– Пять!
– Неплохо! – похвалил подчинённых Карягин. – Не знаю, кто промахнулся, но задача всем прочистить ружья и тренироваться с прикладыванием.
Из строя вышла следующая шестёрка. Встав на колено, вскинув по команде ружья и прицелившись, солдаты уже готовы были грянуть единым выстрелом, как вдруг чёрный силуэт мишени пришёл в движение. «Залп!» – рявкнул Карягин. Ружья чихнули вразнобой.
Подъехав к мишени, Паша Котляревский обнаружил интересное сооружение. Между деревьев была натянута верёвка, к которой и был подвешен щит-мишень. Стоявший поодаль егерь быстро тянул вторую верёвку, привязанную к мишени, отчего та начинала передвигаться.

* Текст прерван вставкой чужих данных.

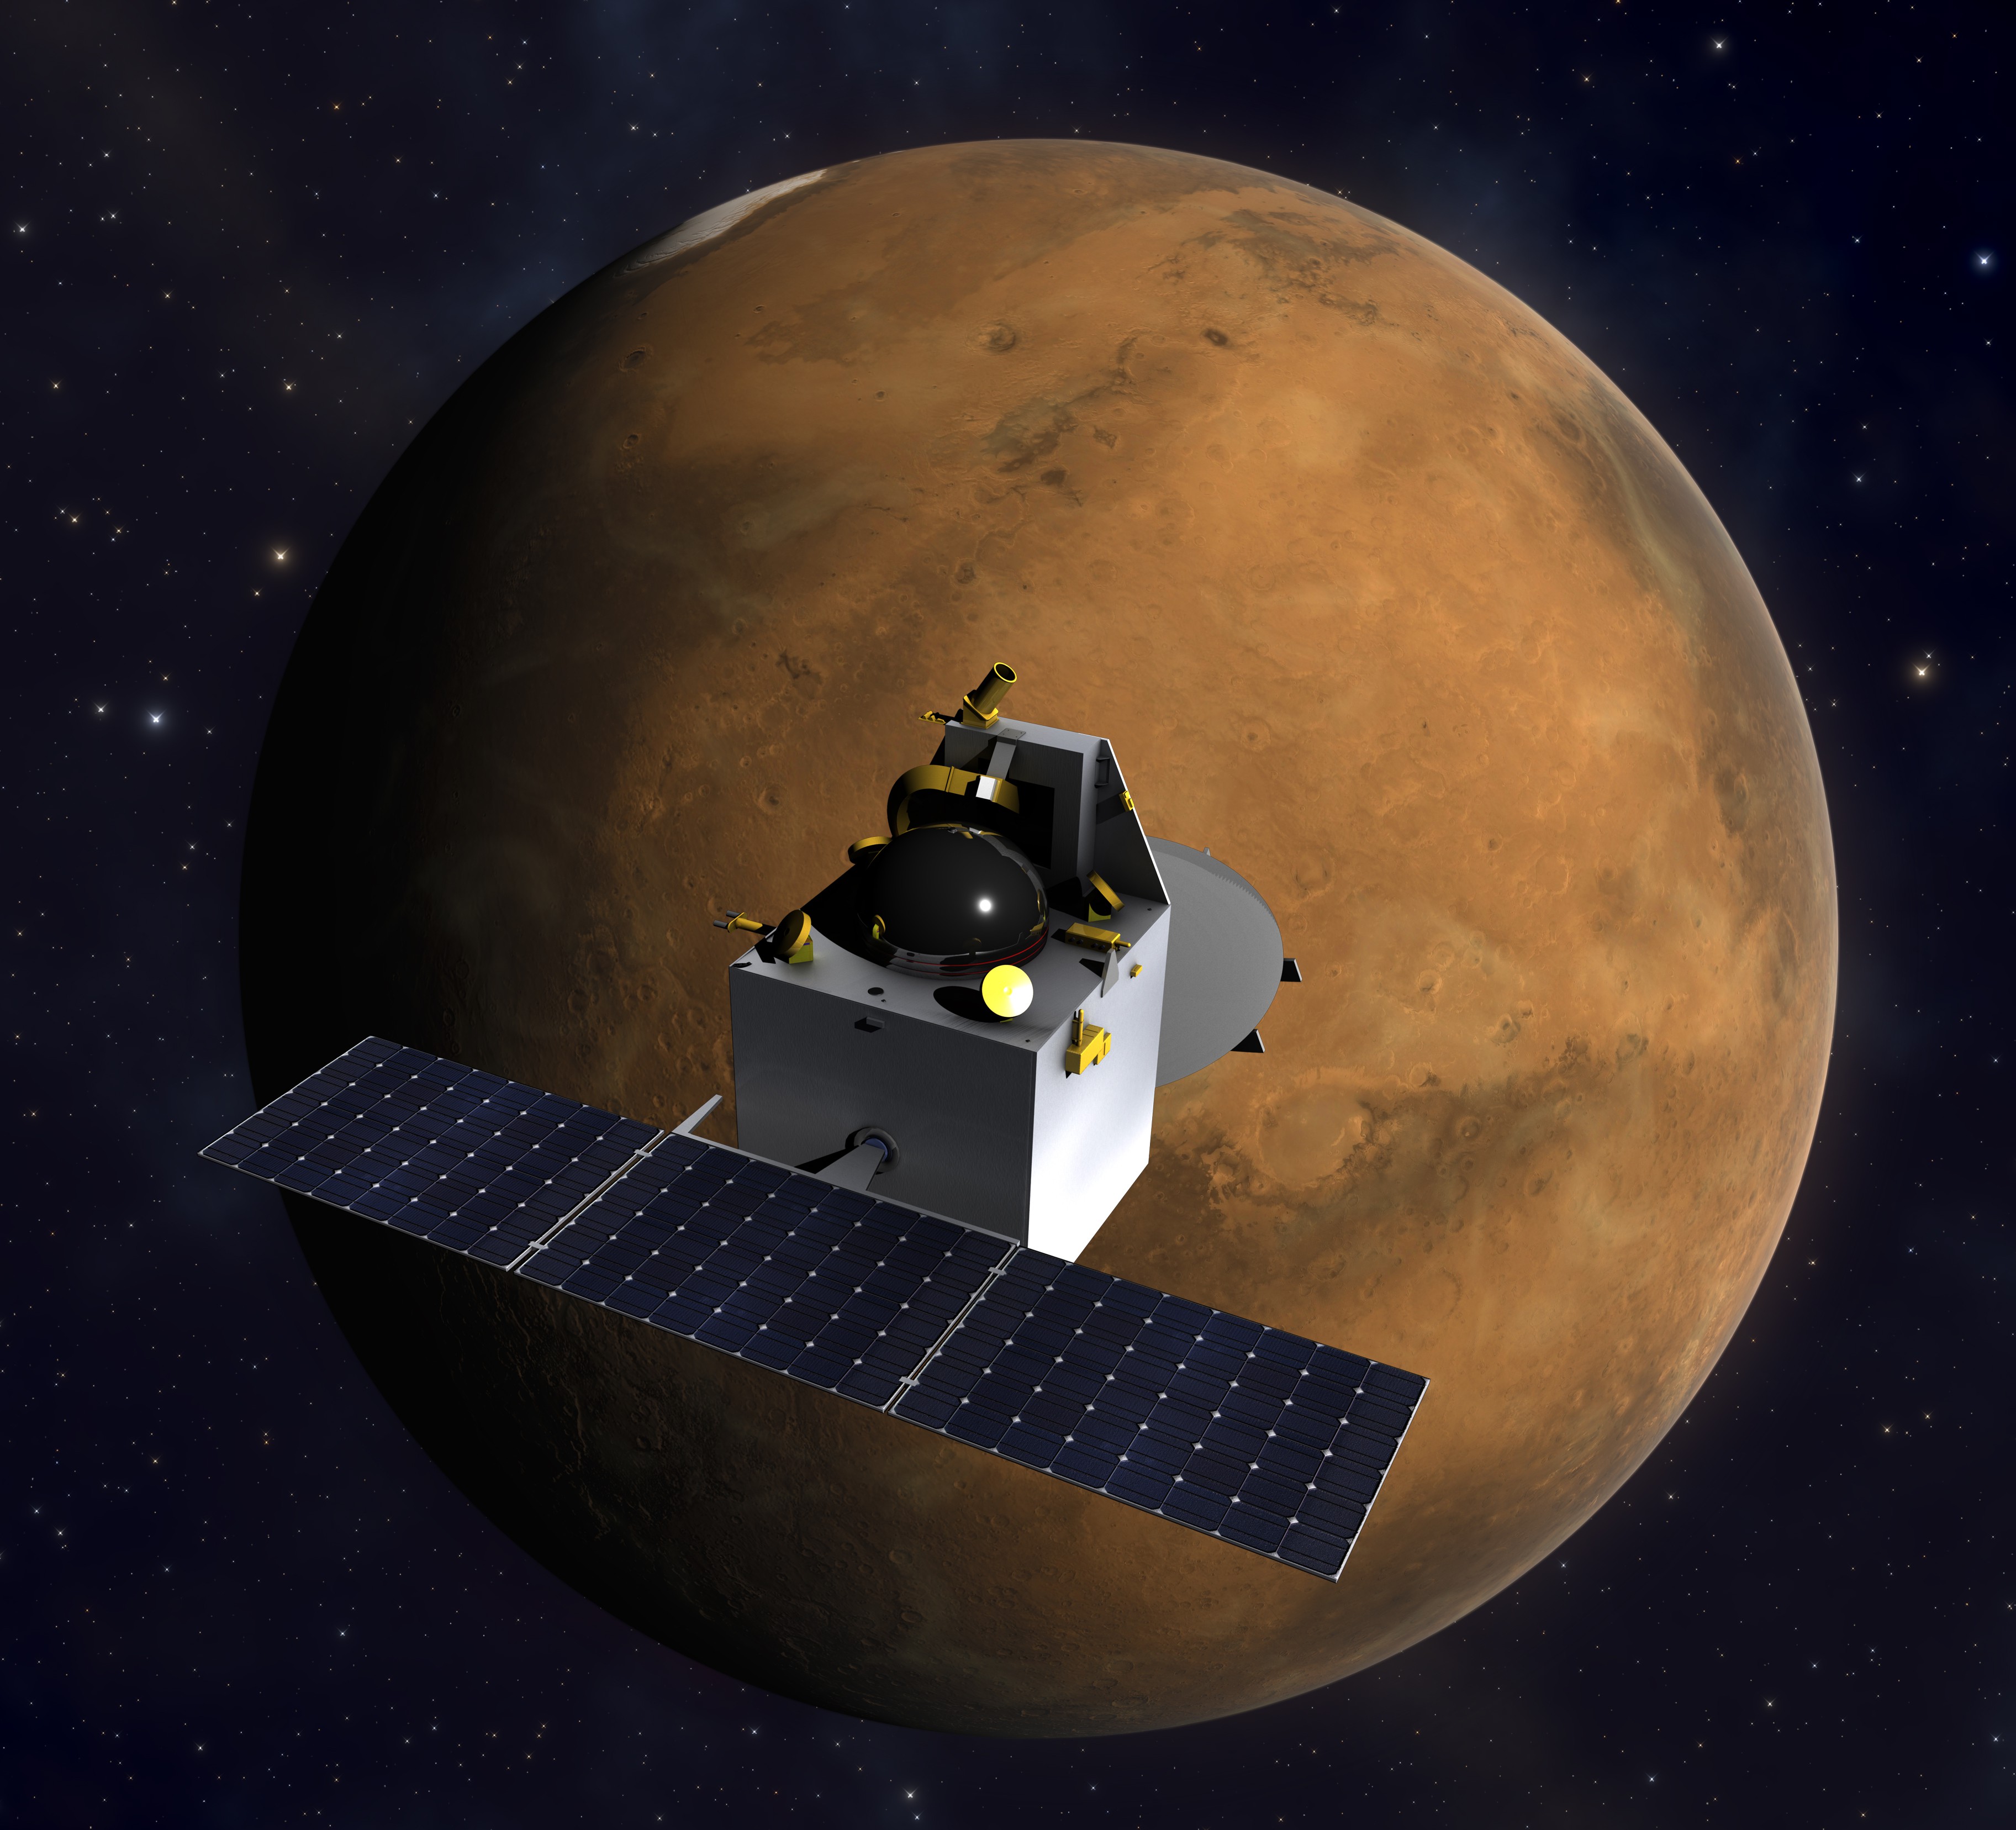 图为火星轨道探测器但是随着中国在深空探索领域的进步,美国的优势

«Одно попадание!» – доложил вернувшийся с осмотра мишени Котляревский. Напротив него в седые усы усмехался Гаврила Сидоров. Это его пуля безошибочно поразила мишень. В отличие от молодых солдат, он хорошо знал все хитрости своего командира и был готов к ним.
– Берите с Сёмыча пример! – похвалил старого солдата Карягин. – Его пуля, уверен! Егерь должен быть готов к любым неожиданностям. Отныне стрелять будем только по движущимся мишеням.

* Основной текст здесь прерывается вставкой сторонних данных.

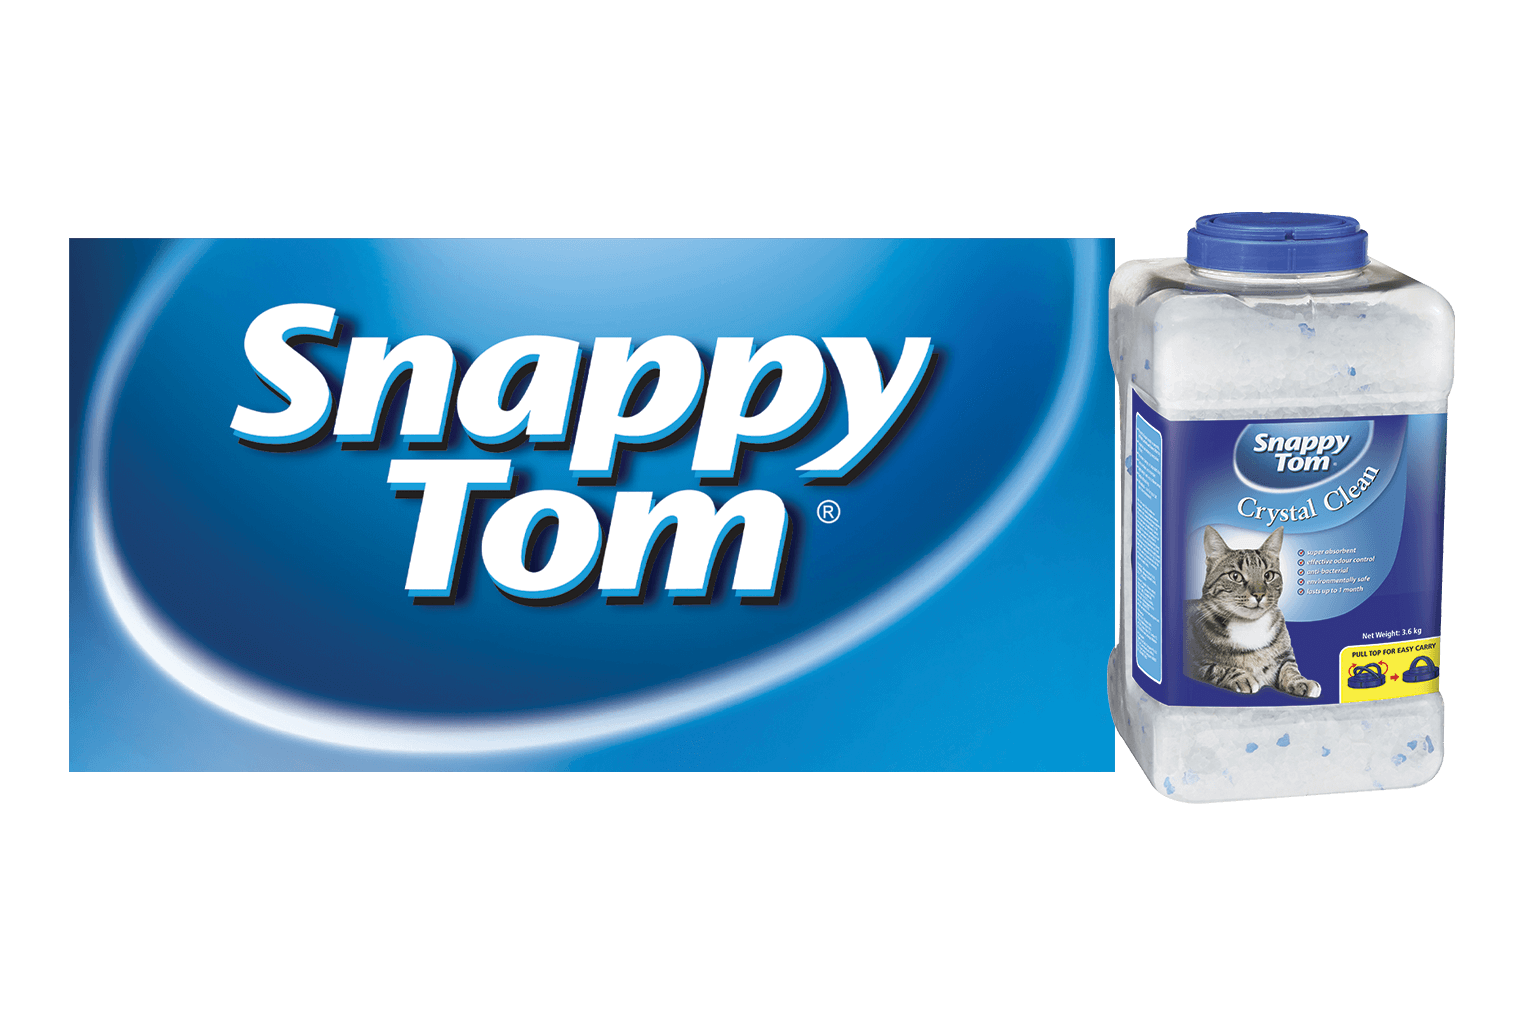 snappy tom

Переведя взгляд на Лисаневича и Котляревского, Карягин продолжил:
– Вы, сержанты, возьмите команду солдат с инструментом и к завтрашнему дню насыпьте-ка с той стороны мишени земляной вал. Свинец – он не горох, в землю вгонишь – не вырастет. Будем добывать из вала отстрелянные пули и переплавлять их в новые. Отныне солдат должен стрелять только из своего ружья, чтобы изучить его особенности.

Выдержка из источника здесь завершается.